It’s also great for combining images.

All of the images above are one-shot generations for the sake of illustration, but any synthographer worth their burnt-out graphics card knows that to execute on a vision, you’re going to need multiple iterations. You might get a first pass from pure prompting, then use ControlNet to make some variations that preserve a pose from the original, then fix up some individual details with inpainting (or manual image editing), then expand it with outpainting, then combine it with something else through IP-Adapter, and on and on it goes. You might generate a scene’s background separately from its foreground elements, stick them together in an image editor, and then do a low denoising img2img pass to blend it all together.

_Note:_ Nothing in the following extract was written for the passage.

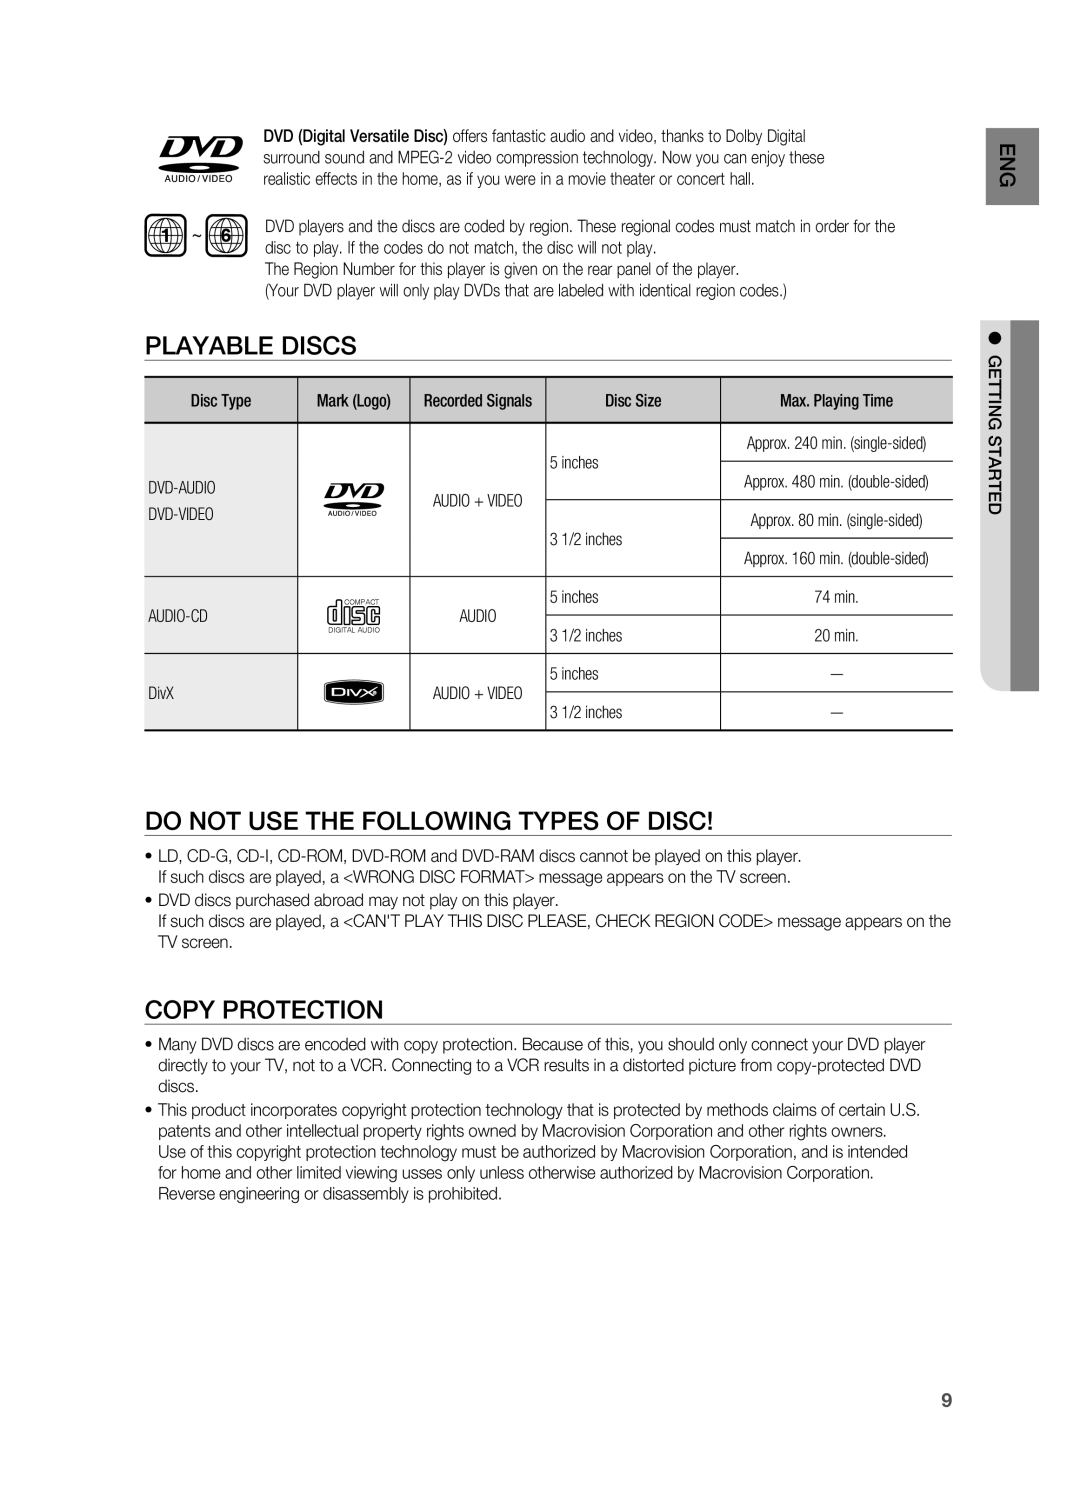 Samsung HT-TWZ415 user manual Playable Discs, Do not use the following types of disc, Copy Protection

None of this requires as much effort as, y’know, actually learning to draw or take good photographs, but it takes some ingenuity and experience (and more than a little luck with RNG) to coax attractive results from the machine.

Or so it seemed.

# DALL-E 3

Despite being first on the scene, OpenAI’s DALL-E 2 soon lost ground to newer versions of Midjourney and Stable Diffusion. As OpenAI focused their efforts on ChatGPT, their image generator was left to languish. But that all changed at the start of this month, with the public release of DALL-E 3, first replacing DALL-E 2 as the engine behind Bing Image Creator, and then as a ChatGPT plugin for users on a paid plan.

Just like its predecessor, DALL-E 3 takes in a natural language text prompt and generates four different images from it. It’s a lot better, both in terms of image quality and especially in terms of prompt understanding. Let’s compare outputs from the prompt I used at the start of my previous post:

the city of cape town as a martian colony artist's conception landscape painting

And what’s more, if you use DALL-E 3 with ChatGPT, it will write multiple detailed variations of your prompt and use those to generate the four images.⁵

Here are a couple of results from that, with ChatGPT’s prompts as their captions.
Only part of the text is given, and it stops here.